Provided records |
________________________________________

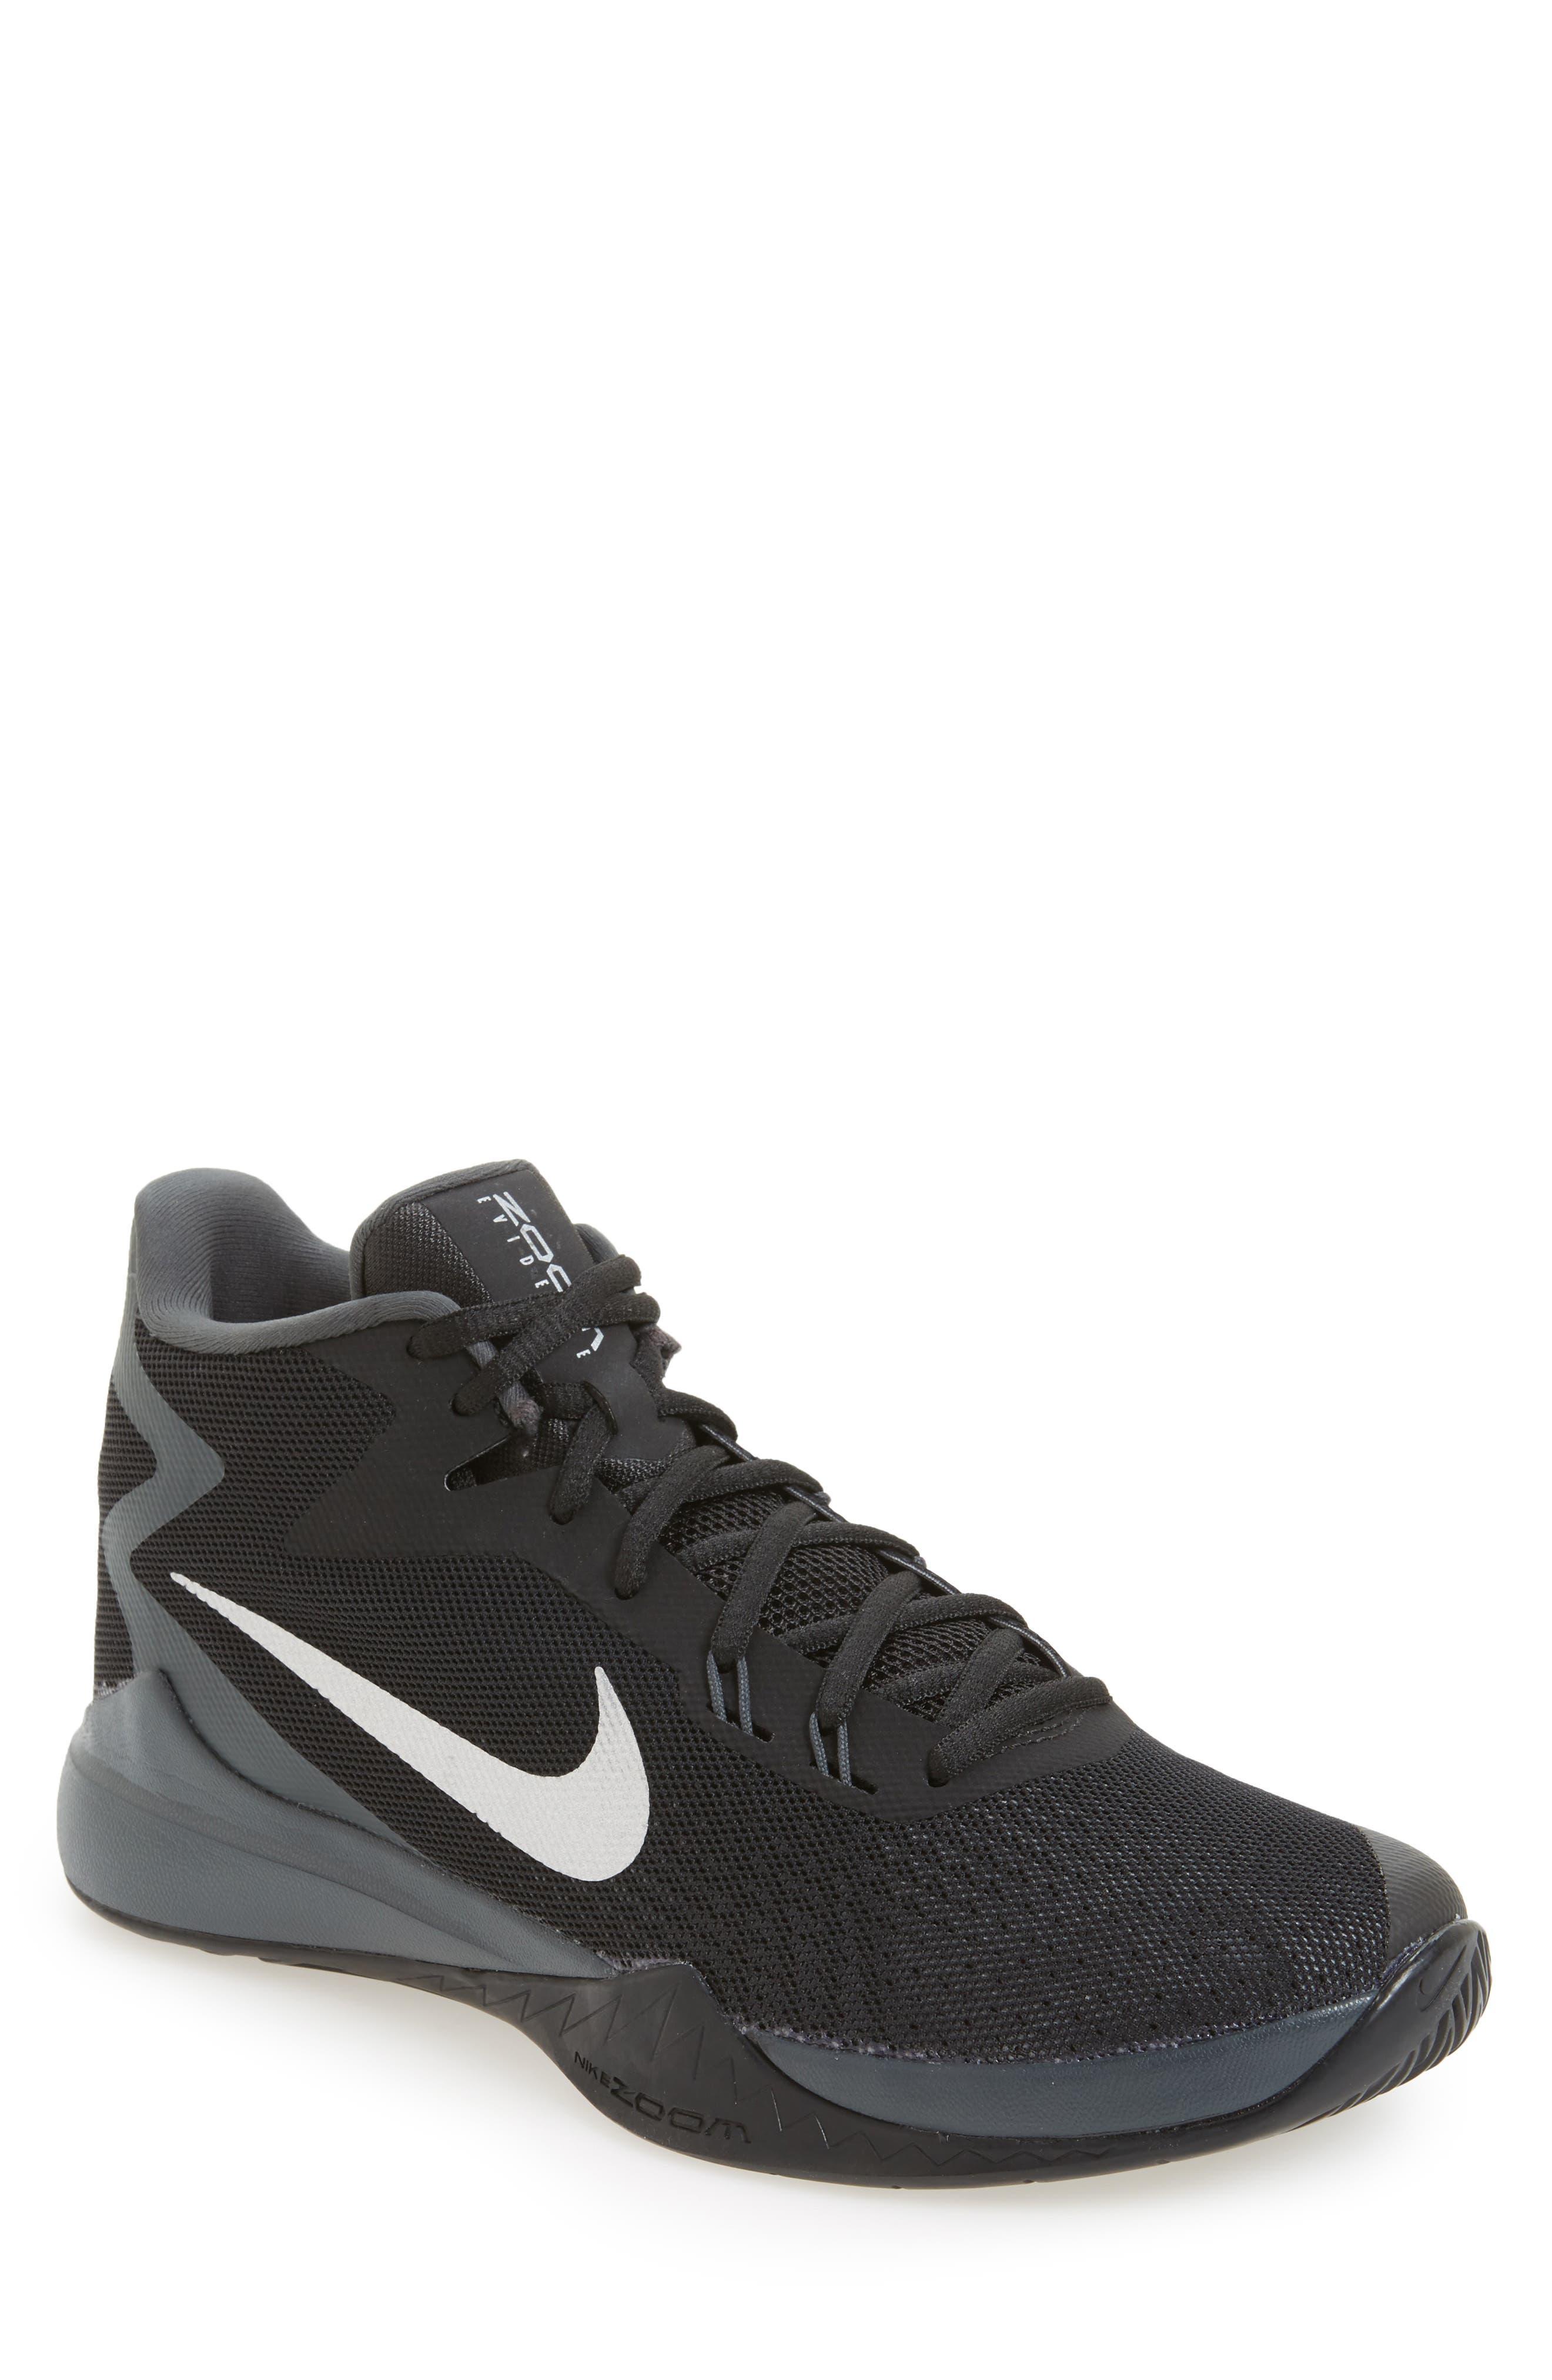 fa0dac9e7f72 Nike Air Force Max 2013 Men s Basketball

________________________________________

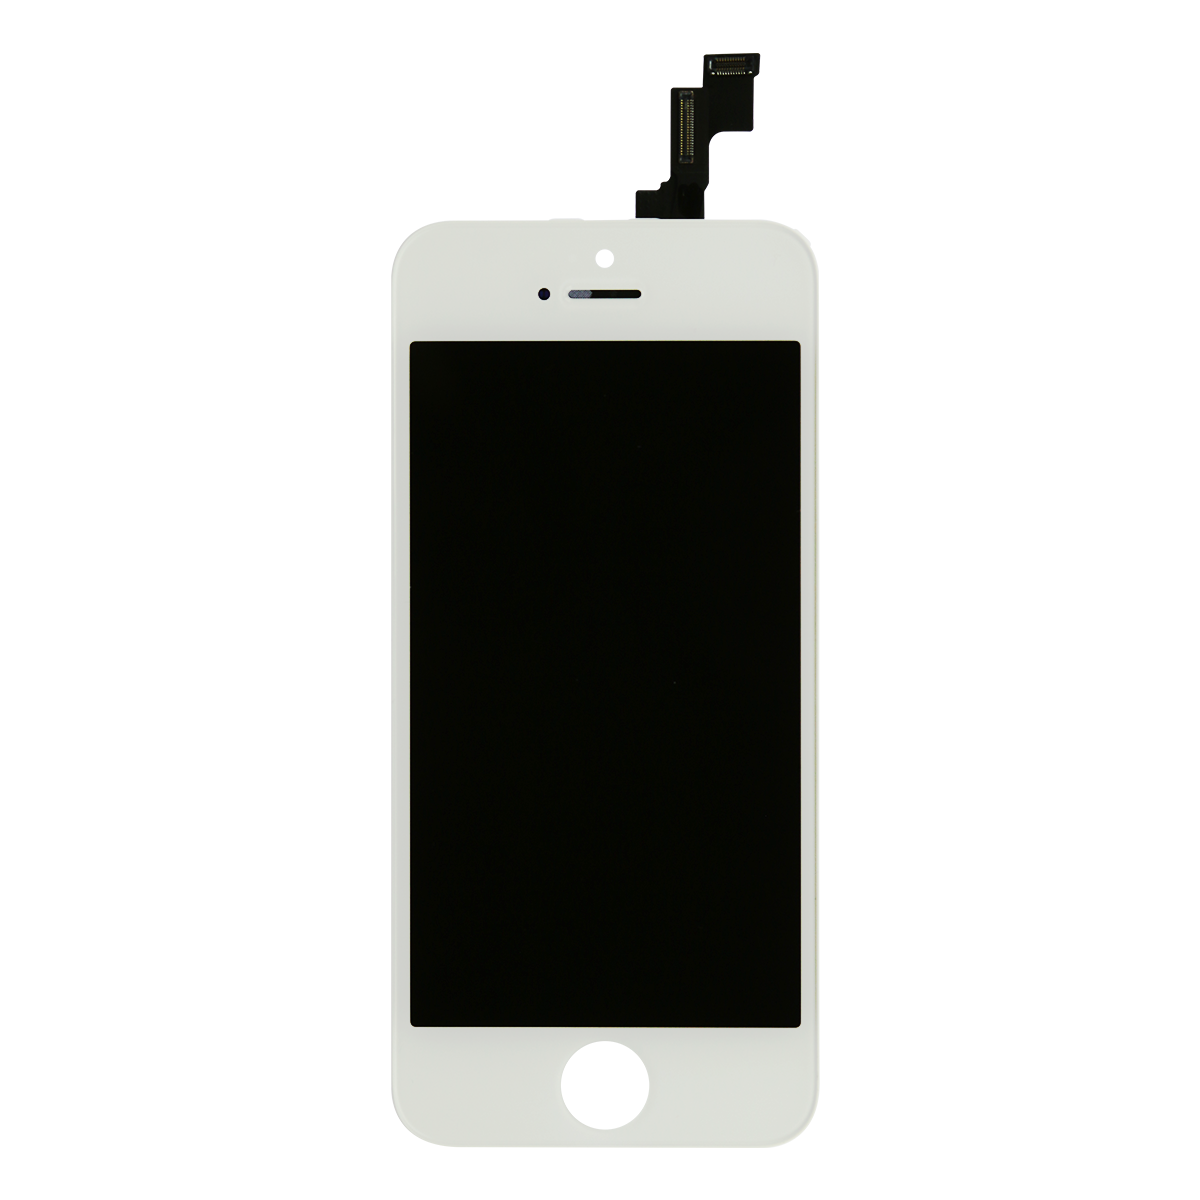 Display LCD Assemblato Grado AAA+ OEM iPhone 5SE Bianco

________________________________________

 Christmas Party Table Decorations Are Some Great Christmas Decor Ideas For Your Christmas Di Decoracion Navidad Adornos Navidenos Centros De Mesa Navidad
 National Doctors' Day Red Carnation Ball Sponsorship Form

________________________________________

Instructions to follow | From the records above, copy only the lines starting with the line that holds "Christmas Party Table" and going on through the line that holds "National Doctors' Day", exactly as written.

Expected answer |
 Christmas Party Table Decorations Are Some Great Christmas Decor Ideas For Your Christmas Di Decoracion Navidad Adornos Navidenos Centros De Mesa Navidad
 National Doctors' Day Red Carnation Ball Sponsorship Form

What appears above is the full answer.